Media pembelajaran seputar sunnah Rasulullah shallallahu 'alaihi wa sallam

La Ilaha Illallah Muhammad Rasulullah

Sunday, February 3, 2019

Keutamaan dan Kemuliaan Do'a

Keutamaan dan Kemuliaan Do'a
[1]. Do’a adalah ibadah berdasarkan firman Allah :
Artinya : Berdo’alah kepadaKu, niscaya akan Kuperkenankan bagimu. Sesungguhnya orang-orang yang menyombongkan diri dari menyembah-Ku akan masuk Neraka Jahannam dalam keadaan hina dina”. [Ghafir : 60].

Imam Hafizh Ibnu Hajar menuturkan bahwa Syaikh Taqiyuddin Subki berkata : Yang dimaksud do'a dalam ayat di atas adalah do'a yang bersifat permohonan, dan ayat berikutnya ‘an ‘ibaadatiy menunjukkan bahwa berdo'a lebih khusus daripada beribadah, artinya barangsiapa sombong tidak mau beribadah, maka pasti sombong tidak mau berdo'a.

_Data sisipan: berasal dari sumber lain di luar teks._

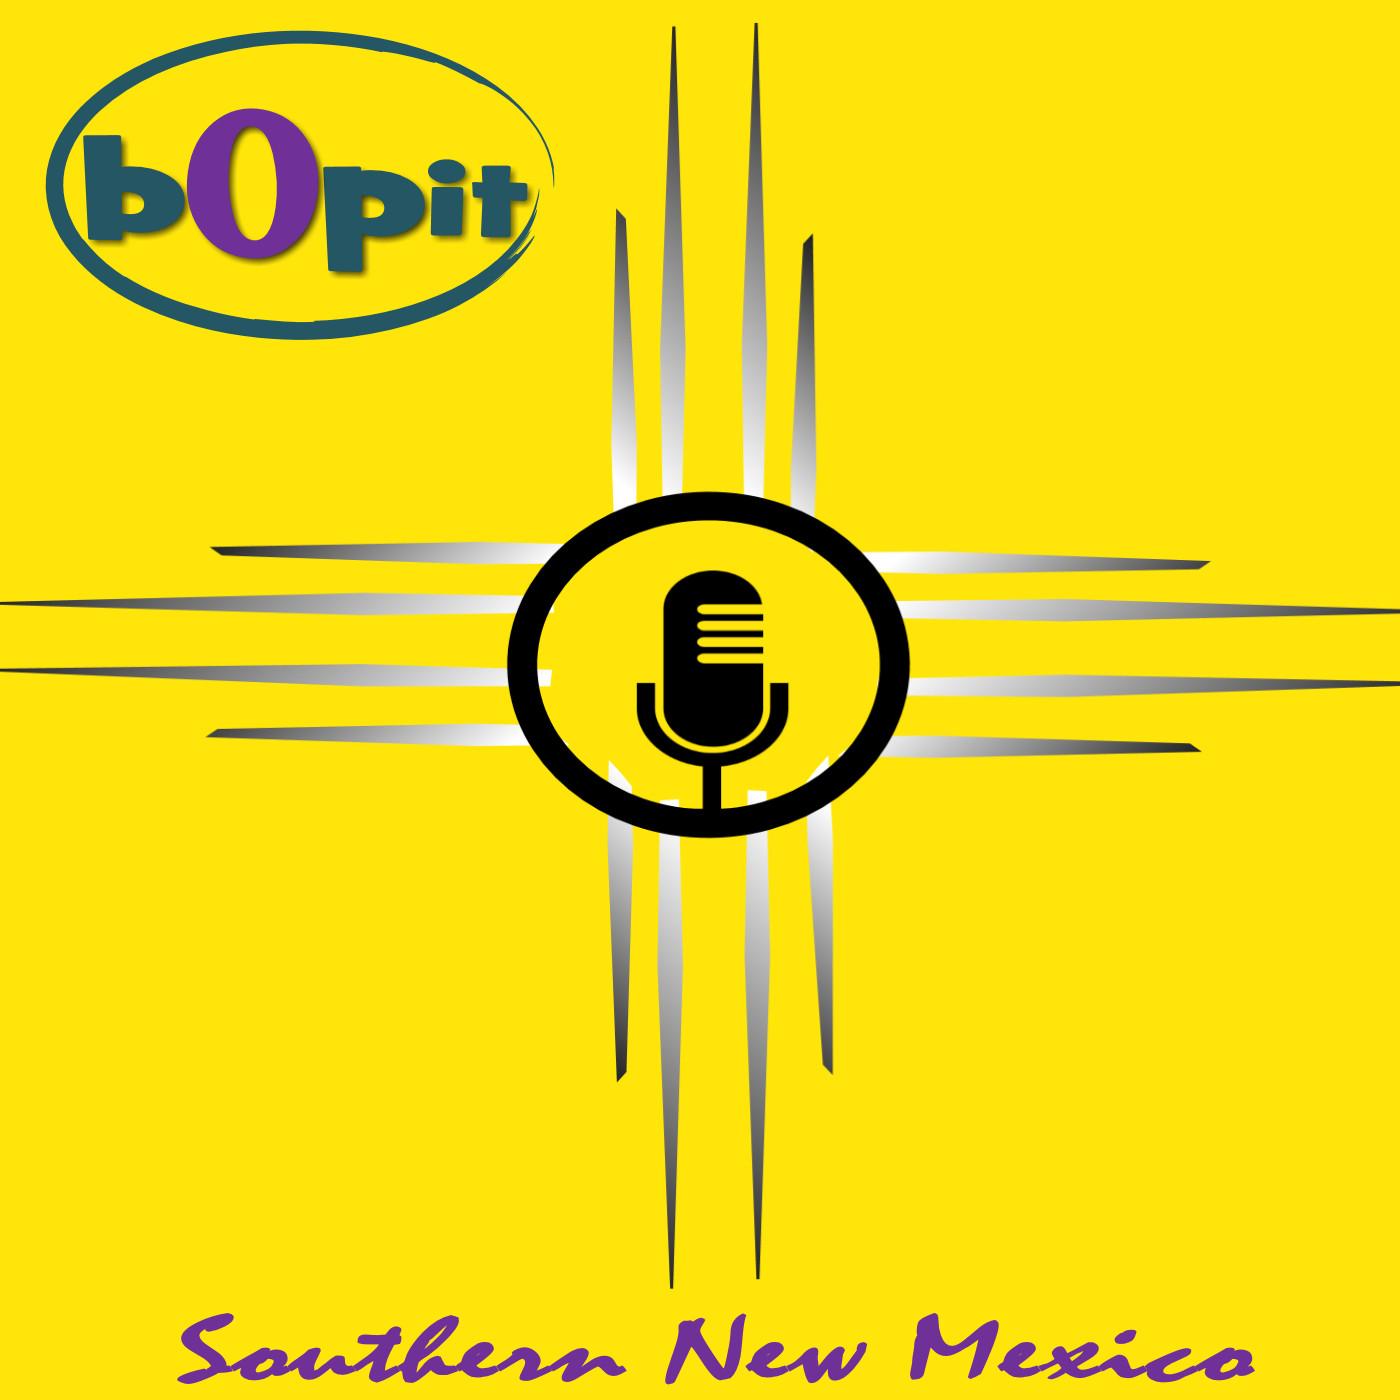 bOpitRadioSNM's podcast
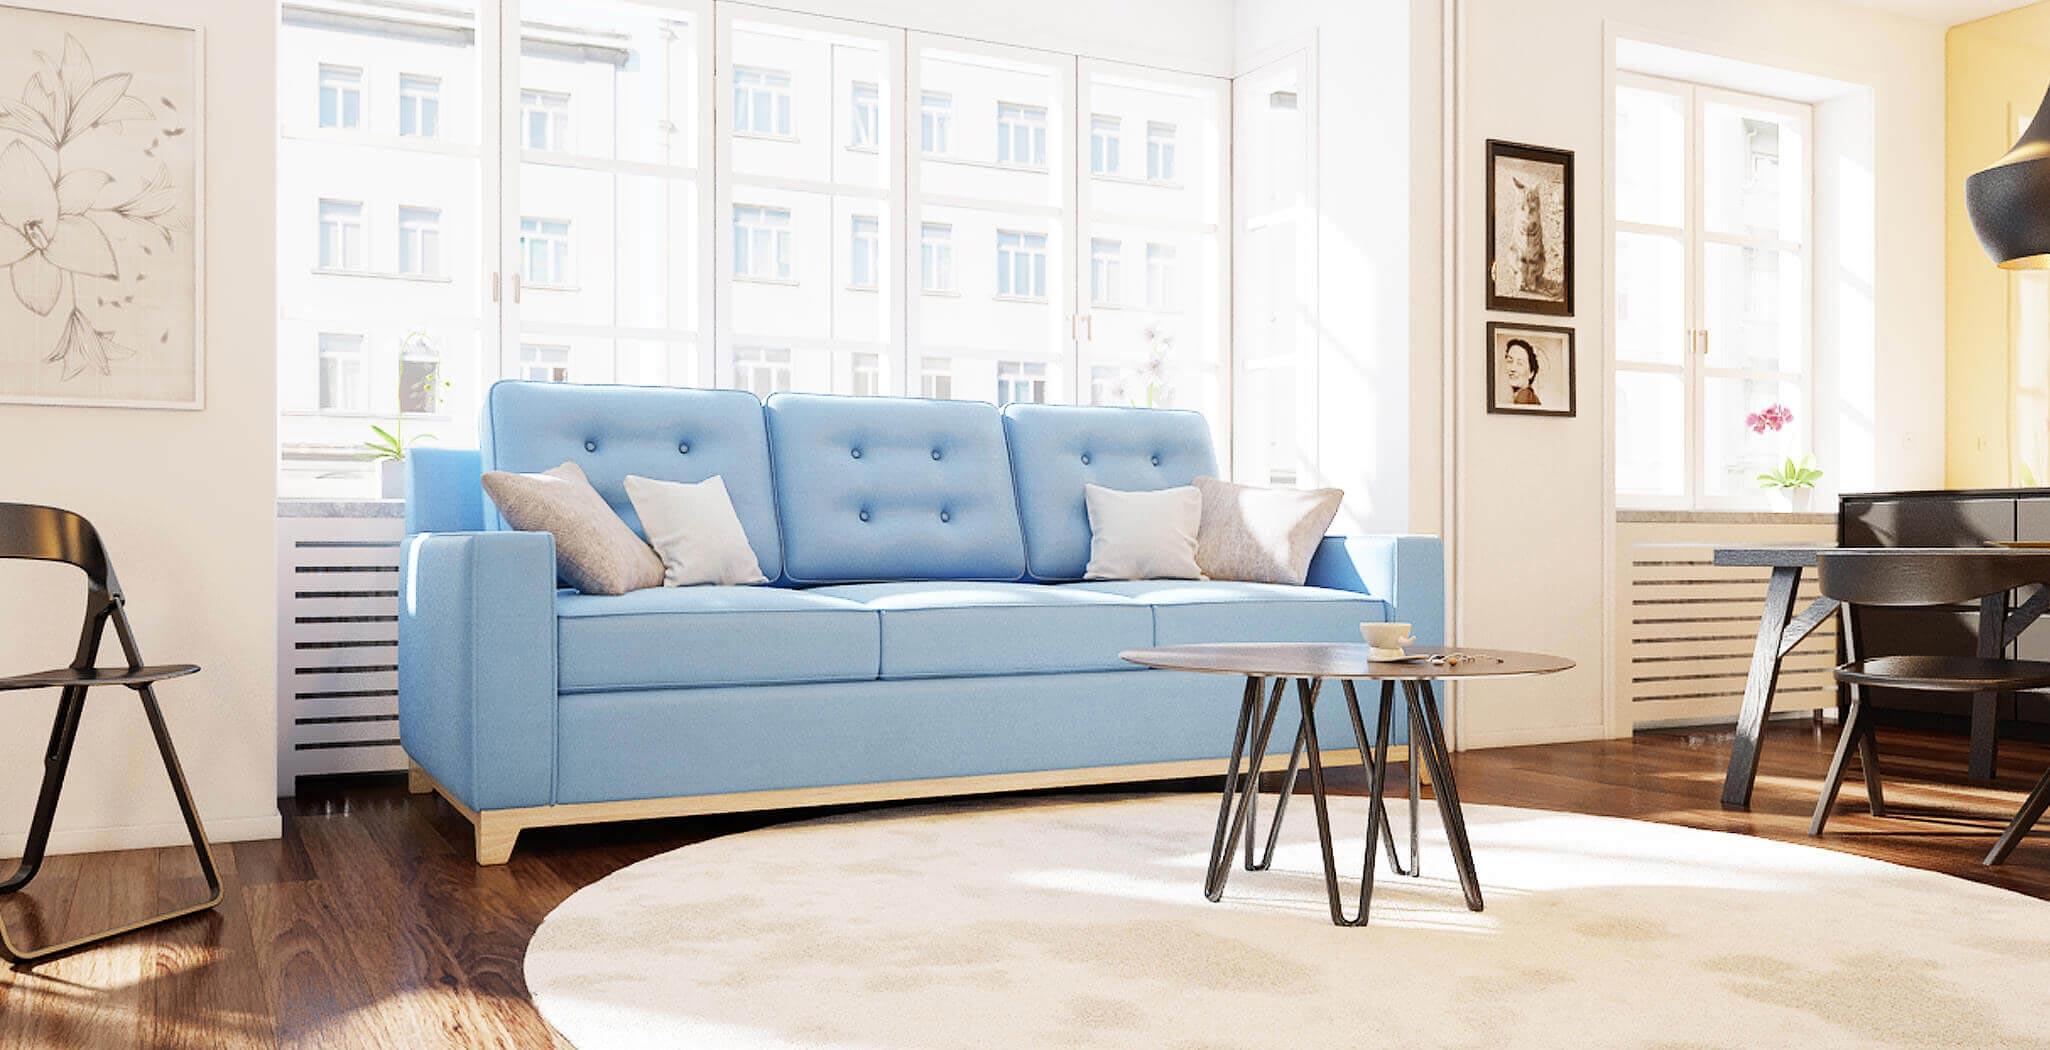 alexandria sofa furniture gallery 3

Dengan demikian ancaman ditujukan kepada orang yang meninggalkan do'a karena sombong dan barangsiapa melakukan perbuatan itu, maka dia telah kafir. Adapun orang yang tidak berdo'a karena sesuatu alasan, maka tidak terkena ancaman tersebut. Walaupun demikian memperbanyak do'a tetap lebih baik daripada meninggalkannya sebab dalil-dalil yang menganjurkan berdo'a cukup banyak. [Fathul Bari 11/98].

Dari Nu’man bin Basyir bahwasanya Rasulullah Shallallahu ‘alaihi wa sallam bersabda : “Do'a adalah ibadah”, kemudian beliau membaca ayat : “Sesungguhnya orang-orang yang menyombongkan diri dari menyembahKu”. [Ghafir : 60].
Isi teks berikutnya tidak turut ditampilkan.